Shikhana Muhammad, owner of Salaam Ice Cream Parlor, with daughter Shakira McKnight
Shikhana Muhammad, owner of Salaam Ice Cream Parlor, pictured with daughter Shakira McKnight, who works there.
Tinnetta Bell

Thanks to their deep local ties, the women of Self Made have the ability to help enrich and sustain a community in a way that big box retail and franchises run by out-of-towners may not, said Jeffrey Robinson, academic director of CUEED at Rutgers Business School, who was quoted in Self Made.

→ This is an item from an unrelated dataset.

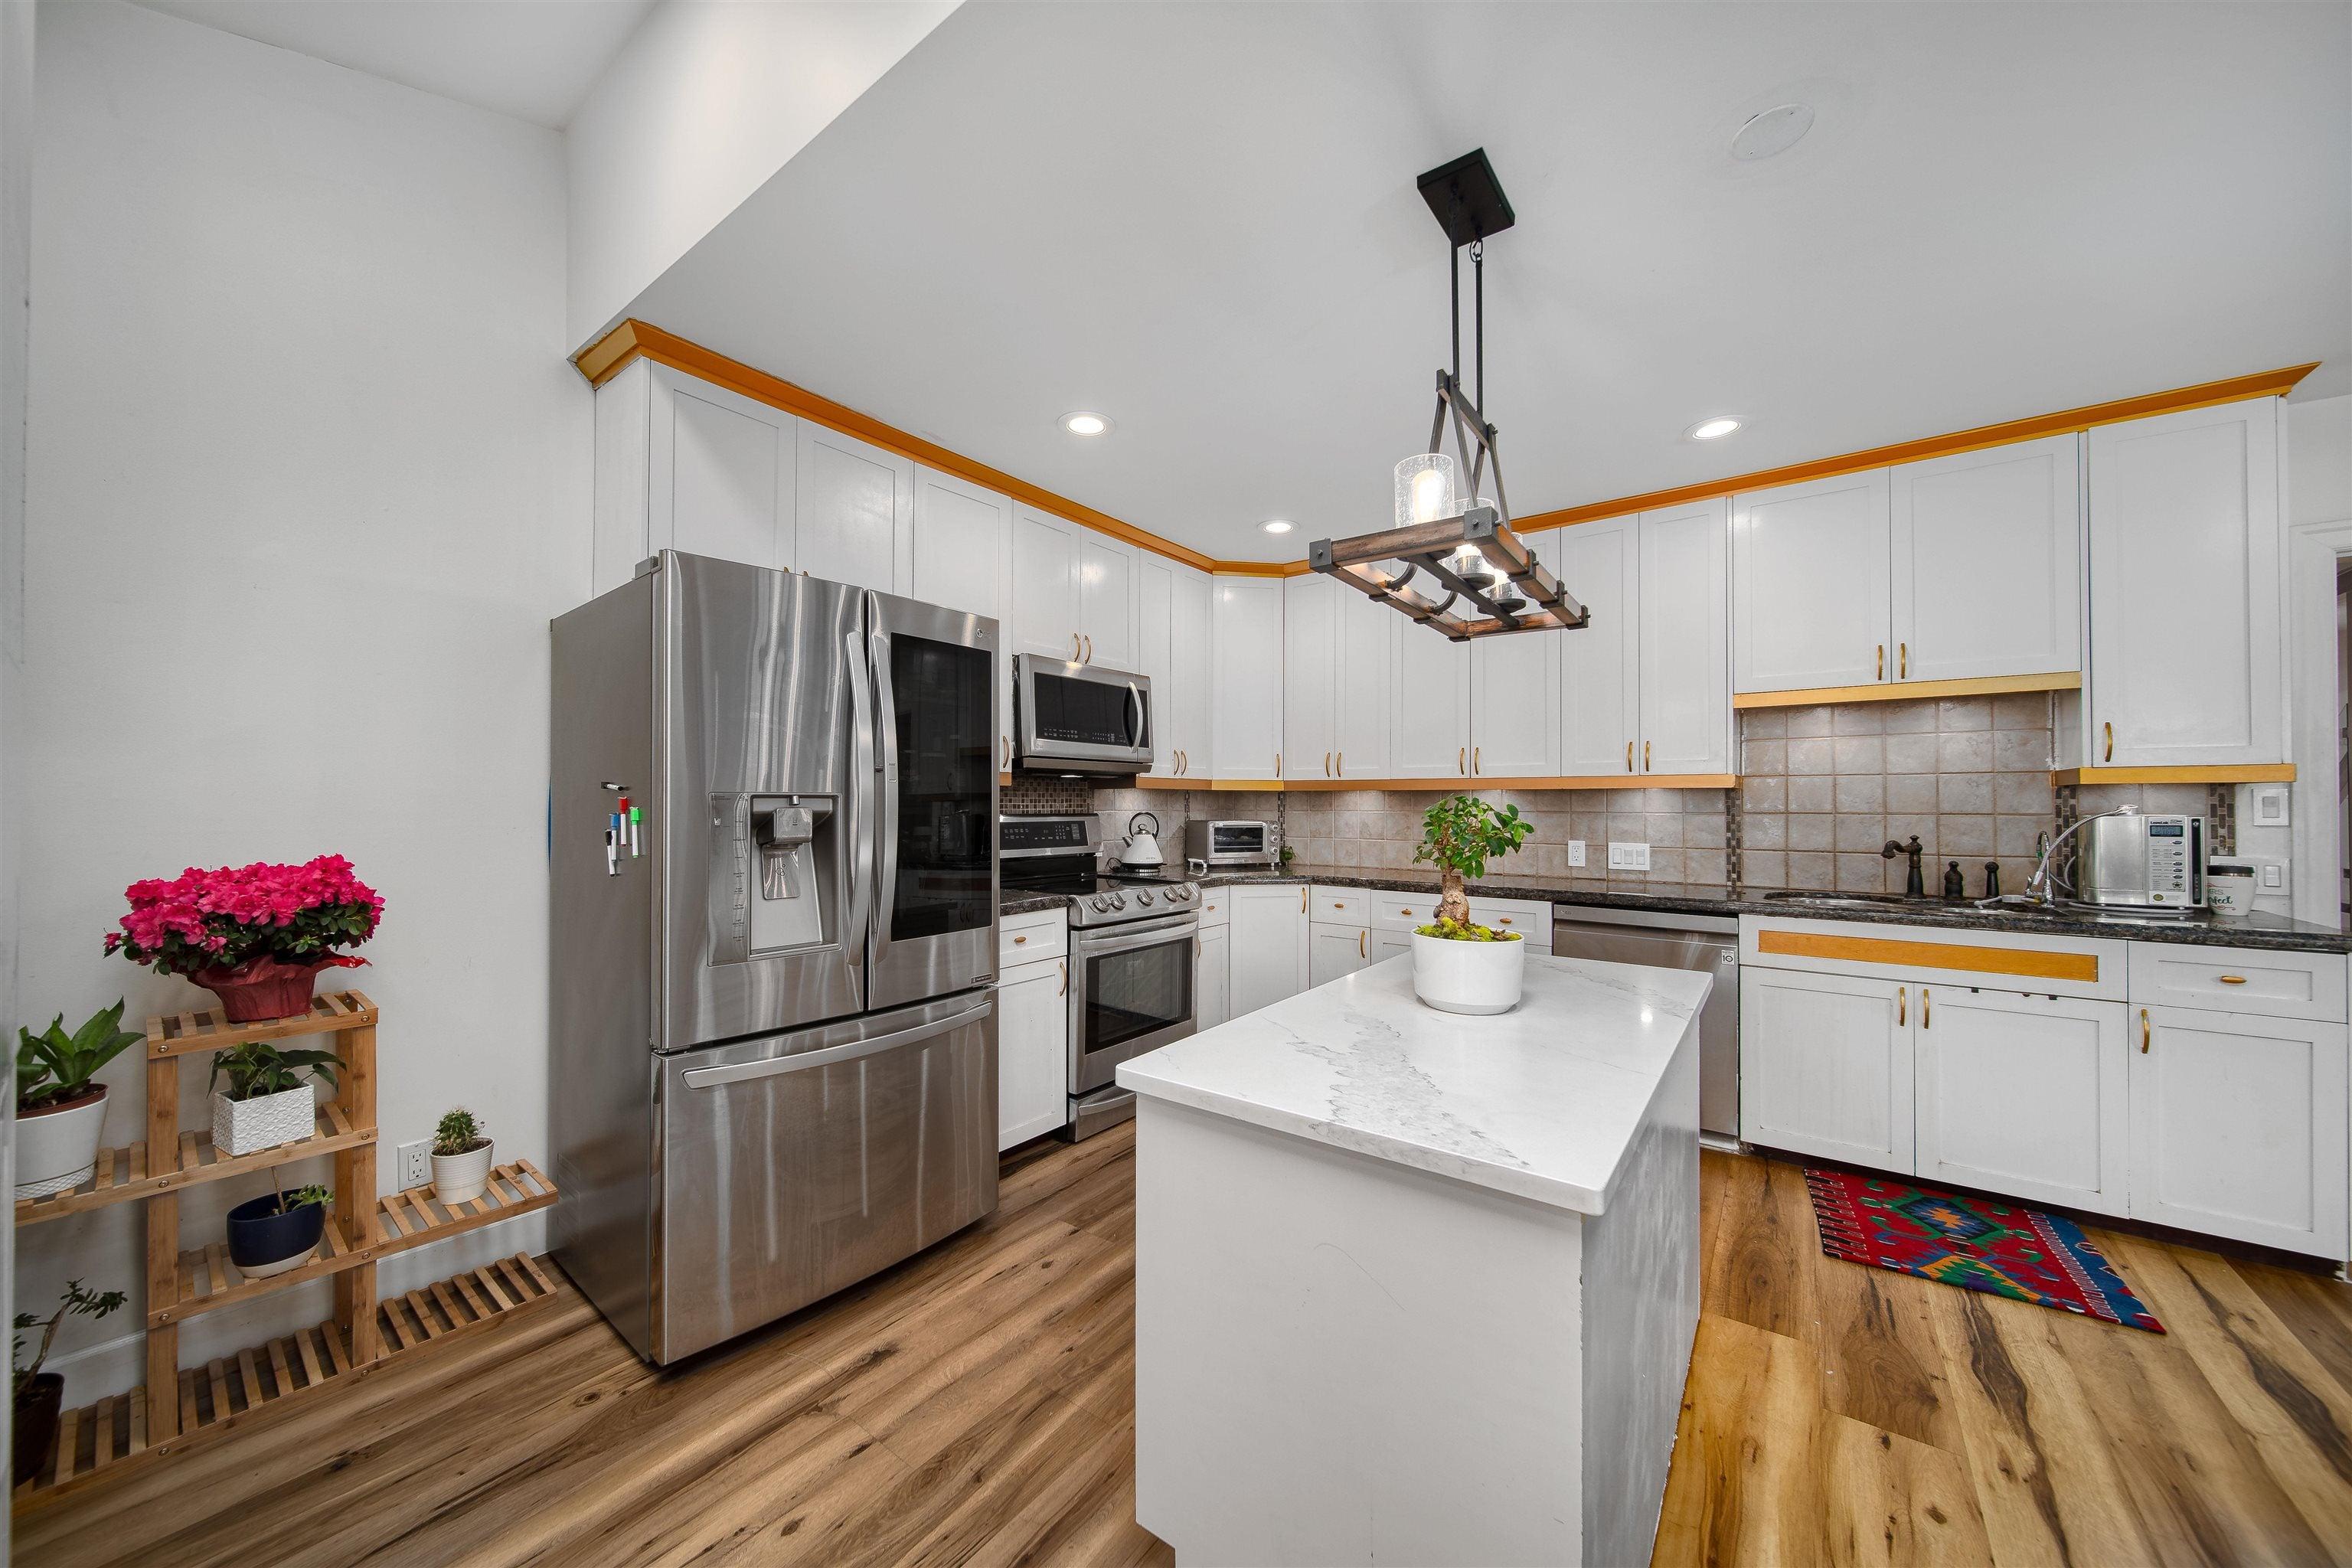 1357 FULTON AVENUE - Ambleside House/Single Family for sale, 6 Bedrooms (R2617731) - #15

“The CVS or Walgreens isn’t hosting the block party or supporting the Girl Scouts; it’s the small business owners that do these things,” Robinson said. “That matters for development, for community stability. Someone who opens a chain store, they open and they close it. They’re not tied to the community in the same way.” 

This explains why Self Made aligns with Express Newark’s mission to highlight Newark’s history and cultural assets through a focus on arts, entrepreneurship and social justice, said director Frances Bartkowski, a professor with Rutgers-Newark School of Arts and Sciences.

“Women entrepreneurs have been feeding the soul of the city in all sorts of ways before, during and will continue to do so after COVID,” said Bartkowski. “That Third Space grant was among the more innovative I’ve seen since I came along.”